Received an ARC from First To Read for an honest review: First, I like many others it seems, did not know from the blurb that it was book 6 in a series. That scared me just a tiny bit when I started it, but as I read the book I realized it definitely also works as a standalone. Second, I'm not big on crime novels that are not of the "cozy mystery" variety. That being said, the more violent scenes in this book were not...bothersome. It worked it's way up in intensity, but there was nothing that forced me to step away from the book and take a breather. That being said, though, the book was full of amazing scenes beautifully described that you couldn't, as a reader, NOT picture, even if you didn't want to.
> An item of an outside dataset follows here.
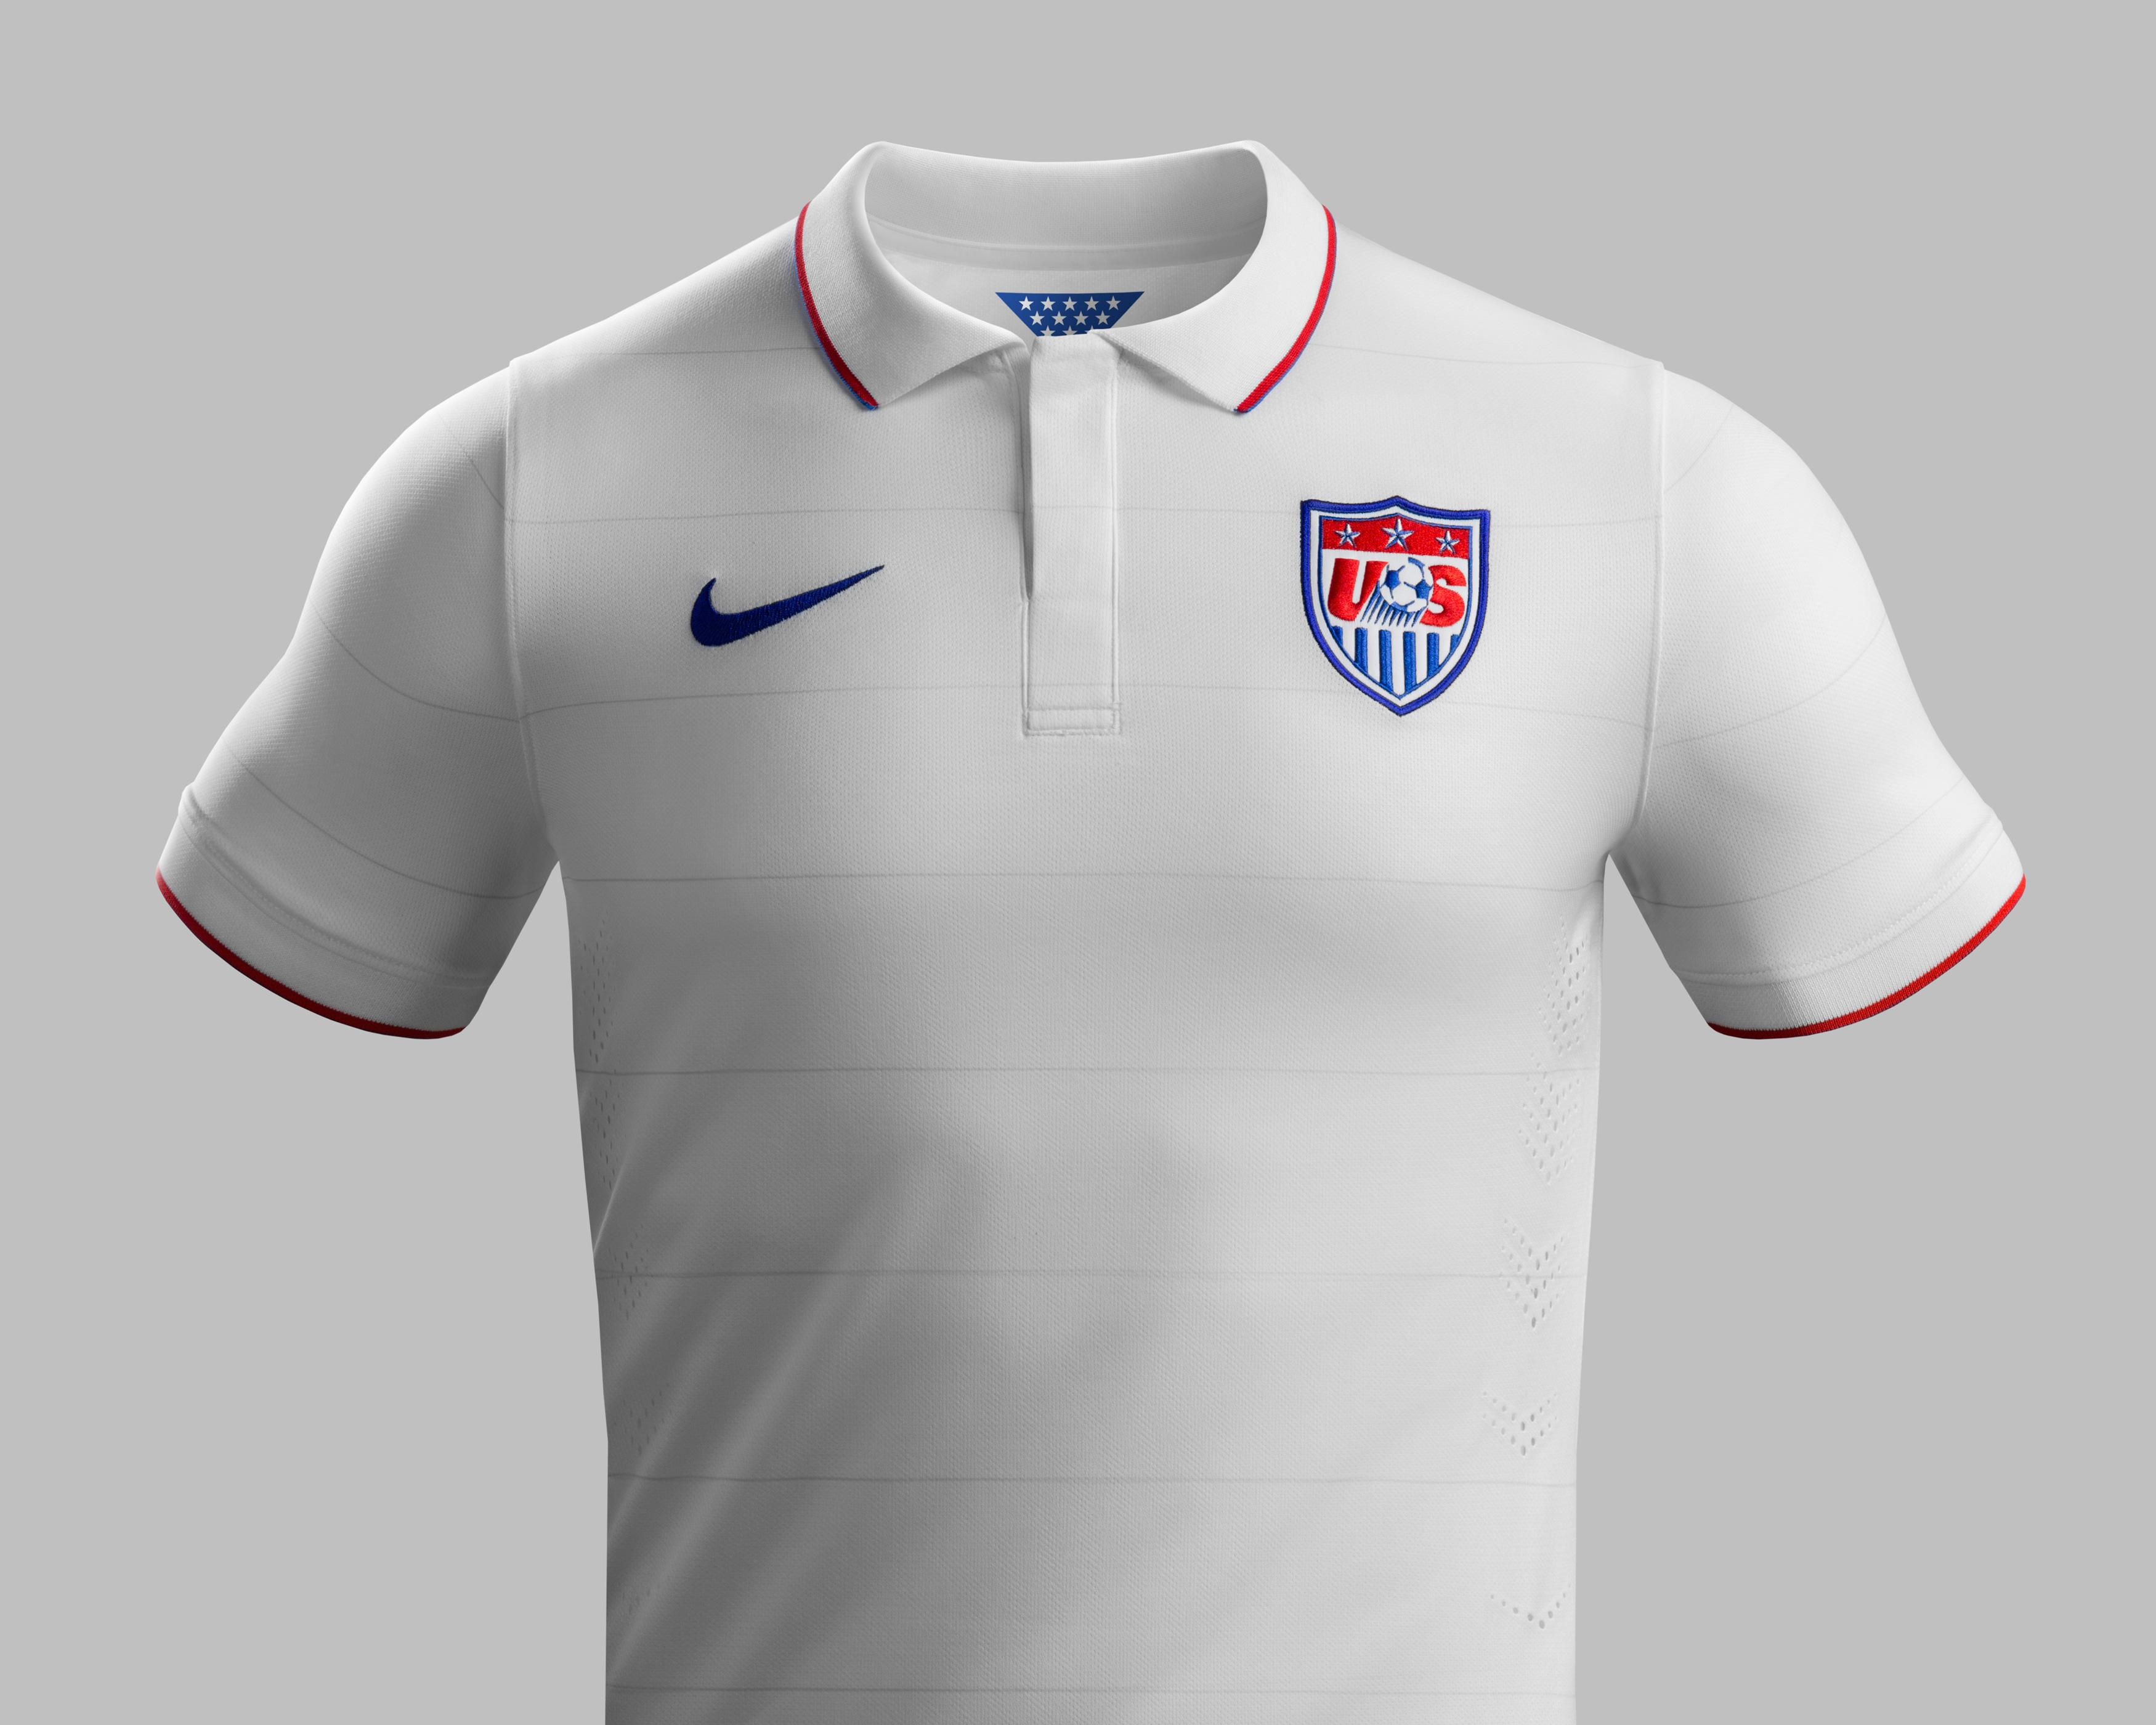 U.S. reveals 2014 World Cup jersey, and it looks like a polo shirt ...

Lines like: "Even the sky seemed static, just a blank wall, a paint swatch, 'chronic depression gray'." were scattered throughout, and they place you in the wintry, desolate, desperate situation of the characters so that you are right beside them, experiencing what they are, for better or worse. Overall, I really enjoyed the book, even though the content was not a topic of my normal choosing (sorry, serial killers hunting women freak me out). Extra bonus for the techy geek stuff I didn't know about the "cloud" that I had to double check with the more "techno-advanced" member of our household about. Definitely makes me think twice about the idea of even donating a used phone.

The Forgotten Girls by Owen Laukkanen was a fast paced thriller. Following the railways we watch as the prey are being hunted. As the chapters switch back and forth between characters it's easy to want to read just one more page. Different characters kept the liveliness in full swing. The only real down part for me was I hadn't read this series before. I was able to follow along. It is a fine stand alone book. But in sense I didn't feel a closeness to our main FBI characters as I would have liked. I will be adding this series to my to-read list though!